* [Activity]:
Exact output of all the records is required.
━━━ Data provided
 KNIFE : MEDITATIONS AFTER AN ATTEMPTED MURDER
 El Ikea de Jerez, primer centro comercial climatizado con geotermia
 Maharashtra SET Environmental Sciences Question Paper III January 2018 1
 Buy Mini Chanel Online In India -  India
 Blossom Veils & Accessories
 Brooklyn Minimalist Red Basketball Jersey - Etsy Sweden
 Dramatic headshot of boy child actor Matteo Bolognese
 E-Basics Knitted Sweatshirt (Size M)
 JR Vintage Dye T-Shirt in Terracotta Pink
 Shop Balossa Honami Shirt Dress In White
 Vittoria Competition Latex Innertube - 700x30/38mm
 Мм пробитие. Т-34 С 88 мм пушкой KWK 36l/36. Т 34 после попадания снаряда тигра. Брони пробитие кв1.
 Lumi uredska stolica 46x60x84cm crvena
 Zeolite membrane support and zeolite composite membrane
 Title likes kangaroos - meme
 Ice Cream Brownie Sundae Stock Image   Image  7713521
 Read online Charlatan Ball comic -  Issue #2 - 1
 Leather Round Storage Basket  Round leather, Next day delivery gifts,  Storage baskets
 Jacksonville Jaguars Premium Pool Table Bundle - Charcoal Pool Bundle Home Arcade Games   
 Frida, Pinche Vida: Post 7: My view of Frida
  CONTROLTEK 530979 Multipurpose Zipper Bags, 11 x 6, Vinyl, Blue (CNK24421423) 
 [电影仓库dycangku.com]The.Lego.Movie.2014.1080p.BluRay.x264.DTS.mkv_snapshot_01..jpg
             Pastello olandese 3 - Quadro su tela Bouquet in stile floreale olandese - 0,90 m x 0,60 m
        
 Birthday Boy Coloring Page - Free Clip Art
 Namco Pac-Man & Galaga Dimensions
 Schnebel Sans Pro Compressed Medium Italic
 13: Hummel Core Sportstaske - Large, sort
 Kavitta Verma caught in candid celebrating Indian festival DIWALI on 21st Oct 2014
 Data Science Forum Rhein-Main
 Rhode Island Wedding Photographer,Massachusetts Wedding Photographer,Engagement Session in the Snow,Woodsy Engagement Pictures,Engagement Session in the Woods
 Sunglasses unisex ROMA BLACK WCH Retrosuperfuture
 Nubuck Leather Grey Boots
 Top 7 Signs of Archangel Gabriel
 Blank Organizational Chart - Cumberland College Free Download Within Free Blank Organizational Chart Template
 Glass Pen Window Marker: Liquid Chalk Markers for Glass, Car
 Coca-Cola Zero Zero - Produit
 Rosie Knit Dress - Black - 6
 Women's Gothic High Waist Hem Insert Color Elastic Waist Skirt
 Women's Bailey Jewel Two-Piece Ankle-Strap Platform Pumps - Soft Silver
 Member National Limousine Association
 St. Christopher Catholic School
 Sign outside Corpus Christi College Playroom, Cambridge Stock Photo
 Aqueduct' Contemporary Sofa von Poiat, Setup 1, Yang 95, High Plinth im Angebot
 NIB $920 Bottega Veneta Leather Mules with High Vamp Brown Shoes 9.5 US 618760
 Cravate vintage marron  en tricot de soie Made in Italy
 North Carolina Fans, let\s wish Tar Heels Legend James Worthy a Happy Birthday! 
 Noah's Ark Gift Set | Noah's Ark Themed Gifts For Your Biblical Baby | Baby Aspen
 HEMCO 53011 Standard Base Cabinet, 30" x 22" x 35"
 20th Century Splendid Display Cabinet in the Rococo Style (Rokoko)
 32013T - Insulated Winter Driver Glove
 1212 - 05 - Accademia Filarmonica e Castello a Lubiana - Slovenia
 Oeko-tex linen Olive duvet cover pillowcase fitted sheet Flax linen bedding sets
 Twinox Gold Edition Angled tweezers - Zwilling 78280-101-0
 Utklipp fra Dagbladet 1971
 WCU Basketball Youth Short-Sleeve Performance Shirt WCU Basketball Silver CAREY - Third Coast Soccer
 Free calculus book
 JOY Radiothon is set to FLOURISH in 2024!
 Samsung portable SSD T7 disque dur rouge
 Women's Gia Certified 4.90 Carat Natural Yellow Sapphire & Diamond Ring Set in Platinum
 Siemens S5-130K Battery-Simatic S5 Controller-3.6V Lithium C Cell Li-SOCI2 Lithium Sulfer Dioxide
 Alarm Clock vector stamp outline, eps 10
━━━━━━
* [Exercise answer]:
 KNIFE : MEDITATIONS AFTER AN ATTEMPTED MURDER
 El Ikea de Jerez, primer centro comercial climatizado con geotermia
 Maharashtra SET Environmental Sciences Question Paper III January 2018 1
 Buy Mini Chanel Online In India -  India
 Blossom Veils & Accessories
 Brooklyn Minimalist Red Basketball Jersey - Etsy Sweden
 Dramatic headshot of boy child actor Matteo Bolognese
 E-Basics Knitted Sweatshirt (Size M)
 JR Vintage Dye T-Shirt in Terracotta Pink
 Shop Balossa Honami Shirt Dress In White
 Vittoria Competition Latex Innertube - 700x30/38mm
 Мм пробитие. Т-34 С 88 мм пушкой KWK 36l/36. Т 34 после попадания снаряда тигра. Брони пробитие кв1.
 Lumi uredska stolica 46x60x84cm crvena
 Zeolite membrane support and zeolite composite membrane
 Title likes kangaroos - meme
 Ice Cream Brownie Sundae Stock Image   Image  7713521
 Read online Charlatan Ball comic -  Issue #2 - 1
 Leather Round Storage Basket  Round leather, Next day delivery gifts,  Storage baskets
 Jacksonville Jaguars Premium Pool Table Bundle - Charcoal Pool Bundle Home Arcade Games   
 Frida, Pinche Vida: Post 7: My view of Frida
  CONTROLTEK 530979 Multipurpose Zipper Bags, 11 x 6, Vinyl, Blue (CNK24421423) 
 [电影仓库dycangku.com]The.Lego.Movie.2014.1080p.BluRay.x264.DTS.mkv_snapshot_01..jpg
             Pastello olandese 3 - Quadro su tela Bouquet in stile floreale olandese - 0,90 m x 0,60 m
        
 Birthday Boy Coloring Page - Free Clip Art
 Namco Pac-Man & Galaga Dimensions
 Schnebel Sans Pro Compressed Medium Italic
 13: Hummel Core Sportstaske - Large, sort
 Kavitta Verma caught in candid celebrating Indian festival DIWALI on 21st Oct 2014
 Data Science Forum Rhein-Main
 Rhode Island Wedding Photographer,Massachusetts Wedding Photographer,Engagement Session in the Snow,Woodsy Engagement Pictures,Engagement Session in the Woods
 Sunglasses unisex ROMA BLACK WCH Retrosuperfuture
 Nubuck Leather Grey Boots
 Top 7 Signs of Archangel Gabriel
 Blank Organizational Chart - Cumberland College Free Download Within Free Blank Organizational Chart Template
 Glass Pen Window Marker: Liquid Chalk Markers for Glass, Car
 Coca-Cola Zero Zero - Produit
 Rosie Knit Dress - Black - 6
 Women's Gothic High Waist Hem Insert Color Elastic Waist Skirt
 Women's Bailey Jewel Two-Piece Ankle-Strap Platform Pumps - Soft Silver
 Member National Limousine Association
 St. Christopher Catholic School
 Sign outside Corpus Christi College Playroom, Cambridge Stock Photo
 Aqueduct' Contemporary Sofa von Poiat, Setup 1, Yang 95, High Plinth im Angebot
 NIB $920 Bottega Veneta Leather Mules with High Vamp Brown Shoes 9.5 US 618760
 Cravate vintage marron  en tricot de soie Made in Italy
 North Carolina Fans, let\s wish Tar Heels Legend James Worthy a Happy Birthday! 
 Noah's Ark Gift Set | Noah's Ark Themed Gifts For Your Biblical Baby | Baby Aspen
 HEMCO 53011 Standard Base Cabinet, 30" x 22" x 35"
 20th Century Splendid Display Cabinet in the Rococo Style (Rokoko)
 32013T - Insulated Winter Driver Glove
 1212 - 05 - Accademia Filarmonica e Castello a Lubiana - Slovenia
 Oeko-tex linen Olive duvet cover pillowcase fitted sheet Flax linen bedding sets
 Twinox Gold Edition Angled tweezers - Zwilling 78280-101-0
 Utklipp fra Dagbladet 1971
 WCU Basketball Youth Short-Sleeve Performance Shirt WCU Basketball Silver CAREY - Third Coast Soccer
 Free calculus book
 JOY Radiothon is set to FLOURISH in 2024!
 Samsung portable SSD T7 disque dur rouge
 Women's Gia Certified 4.90 Carat Natural Yellow Sapphire & Diamond Ring Set in Platinum
 Siemens S5-130K Battery-Simatic S5 Controller-3.6V Lithium C Cell Li-SOCI2 Lithium Sulfer Dioxide
 Alarm Clock vector stamp outline, eps 10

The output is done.